§ Exercise objective:
Leave out the pictures and output exactly the lines below from the one with "Woman hand lights" down to the one with "The Ultimate Checklist", both of them included.

§ Record extracts:
------------

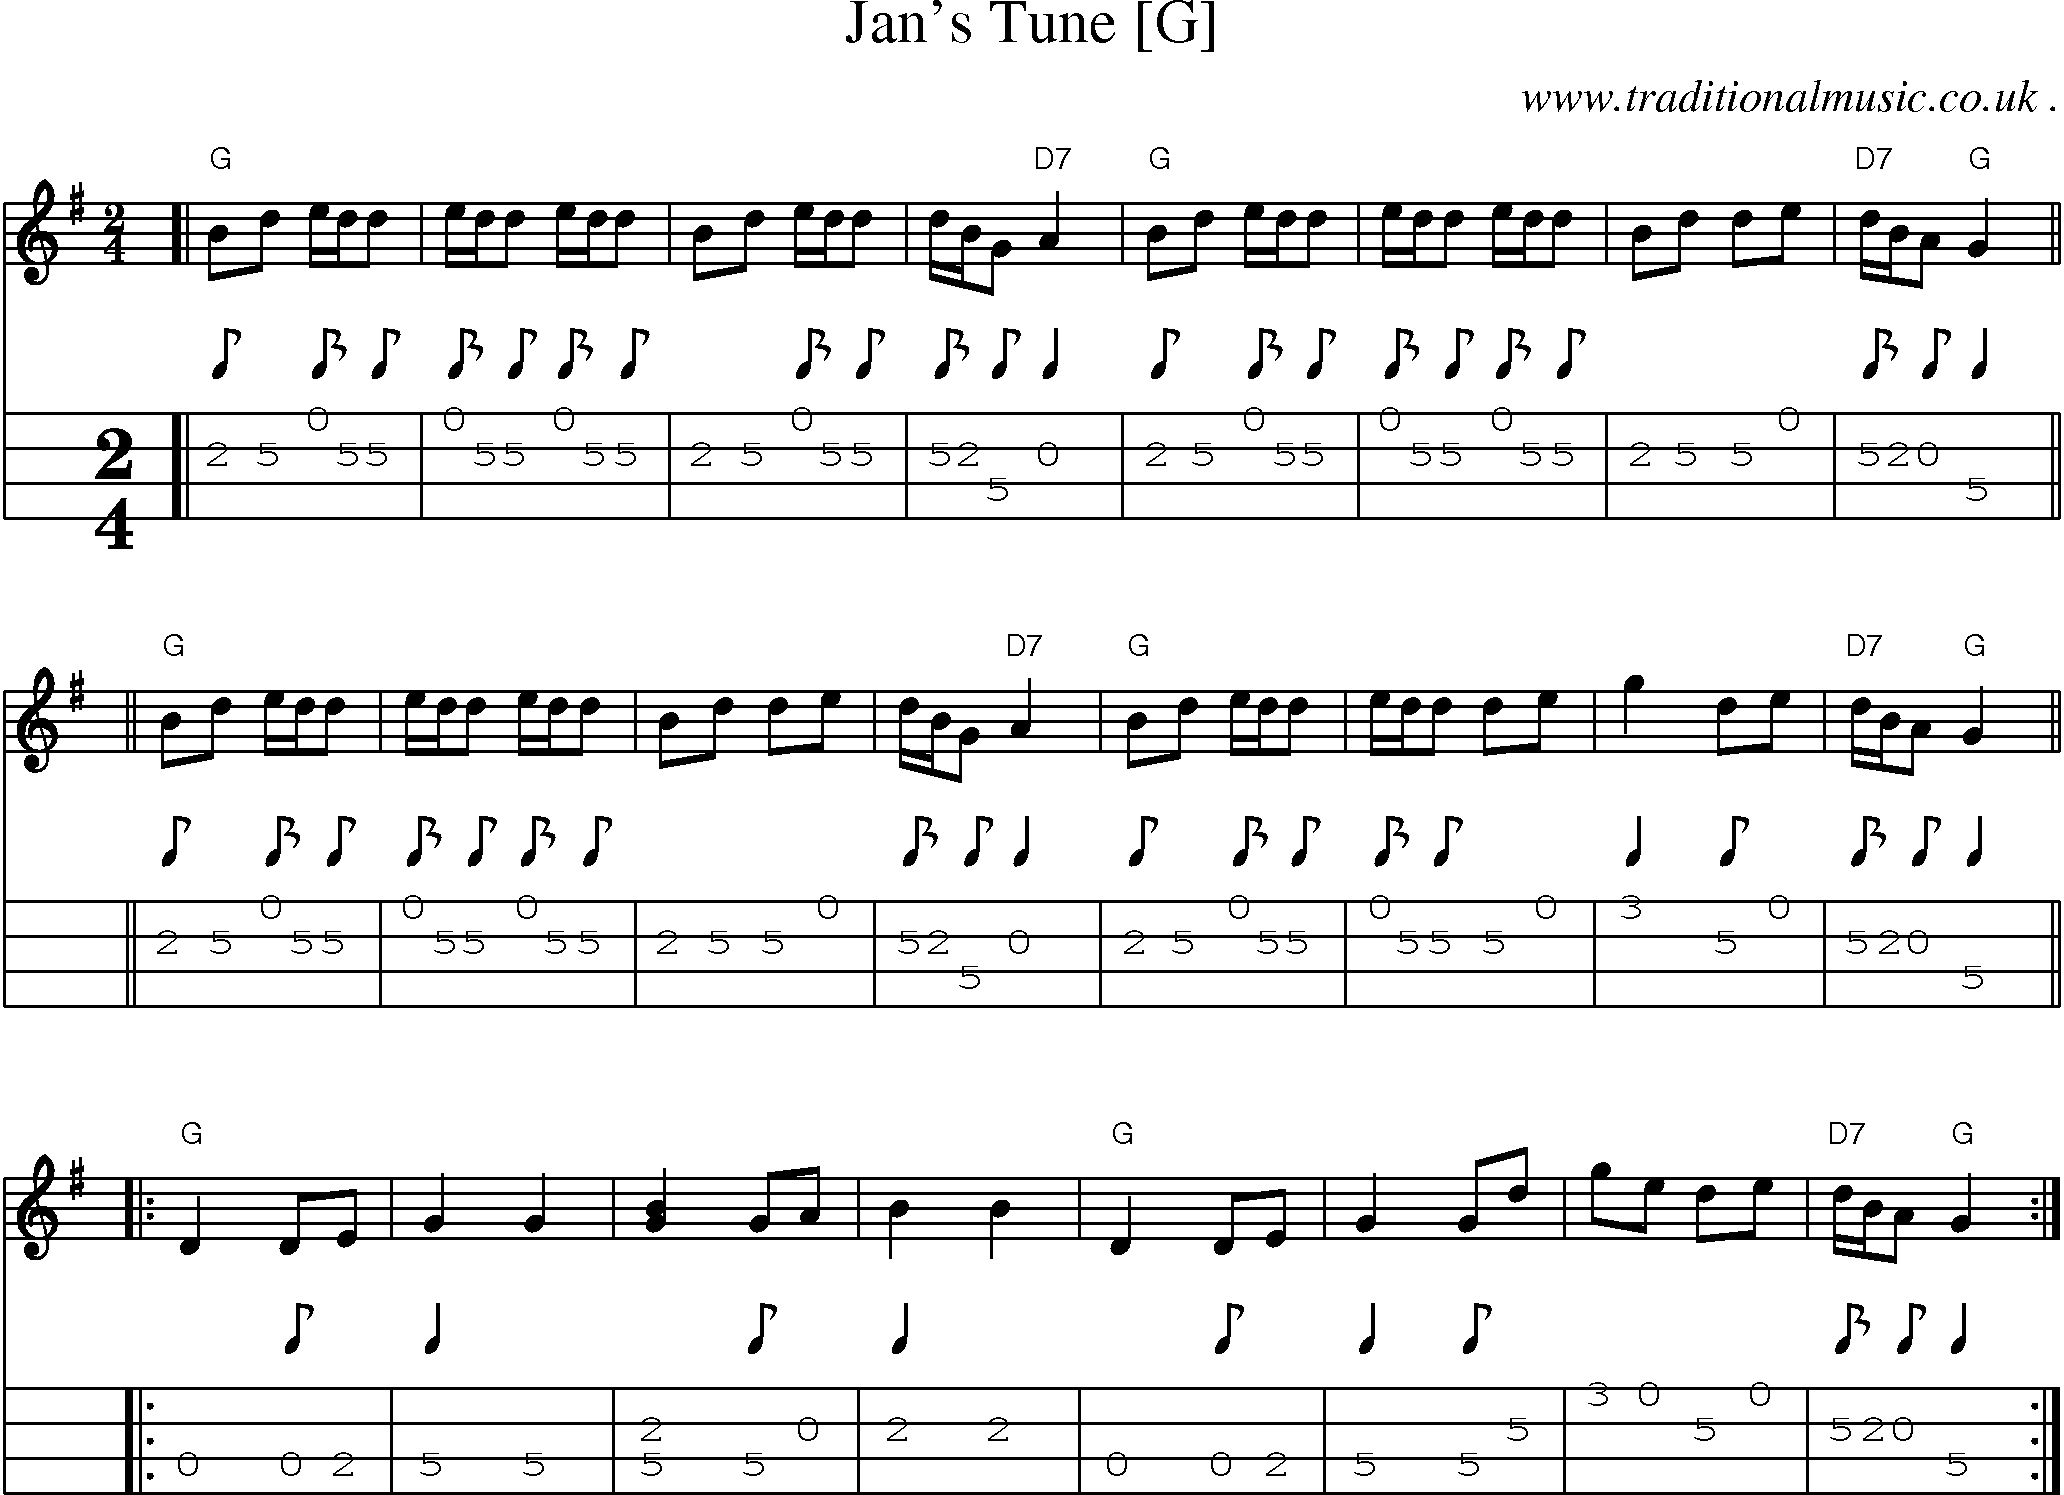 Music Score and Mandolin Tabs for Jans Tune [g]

------------

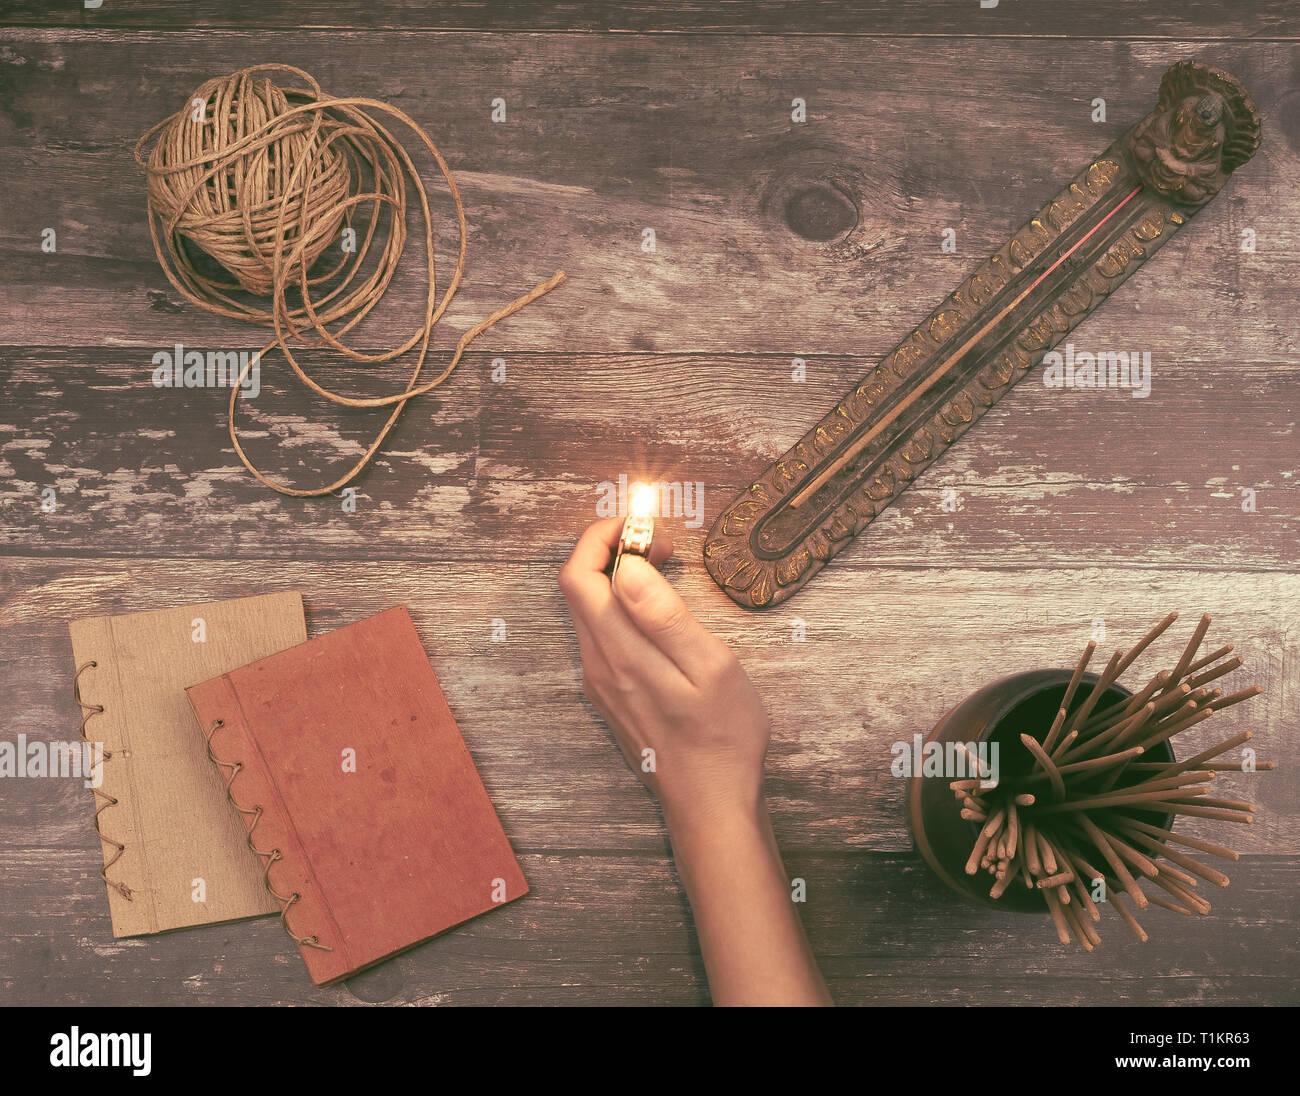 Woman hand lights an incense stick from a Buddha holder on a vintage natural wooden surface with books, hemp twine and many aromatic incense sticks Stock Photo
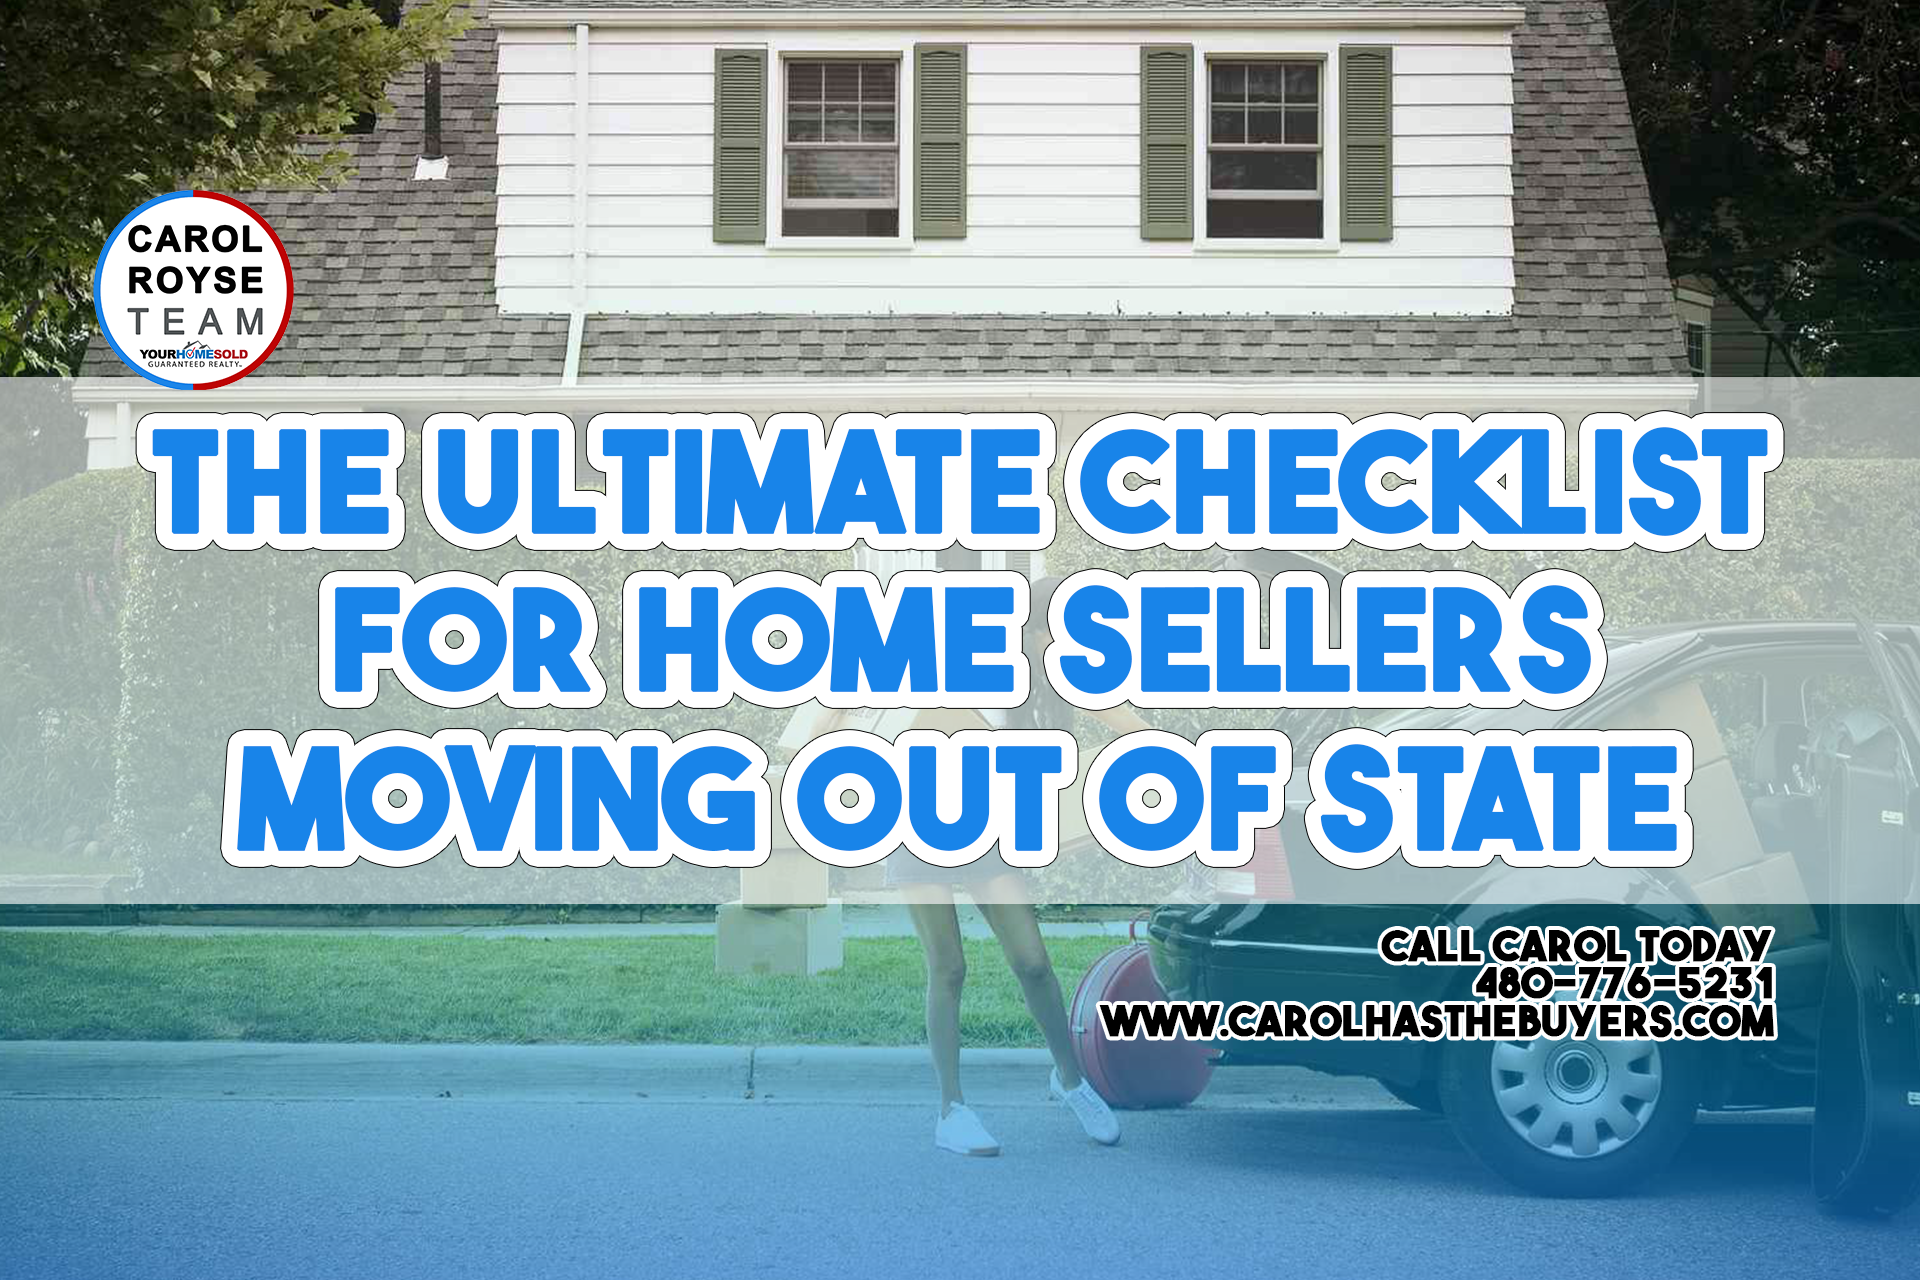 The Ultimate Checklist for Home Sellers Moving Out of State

------------

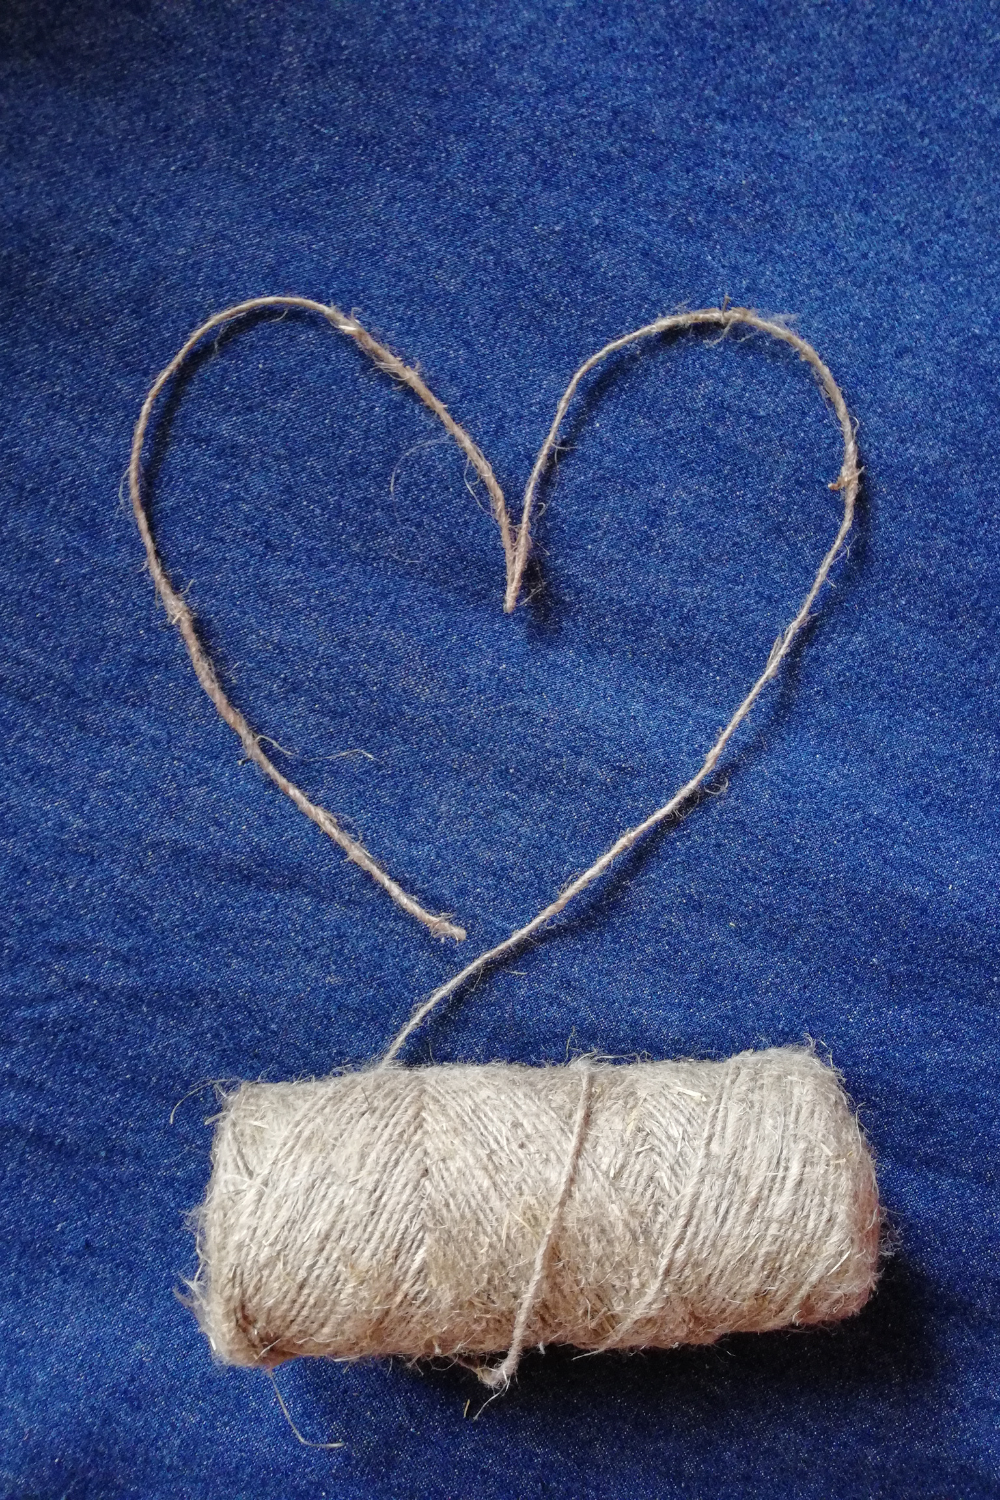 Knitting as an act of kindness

------------

§ Answer space:
 Woman hand lights an incense stick from a Buddha holder on a vintage natural wooden surface with books, hemp twine and many aromatic incense sticks Stock Photo
 The Ultimate Checklist for Home Sellers Moving Out of State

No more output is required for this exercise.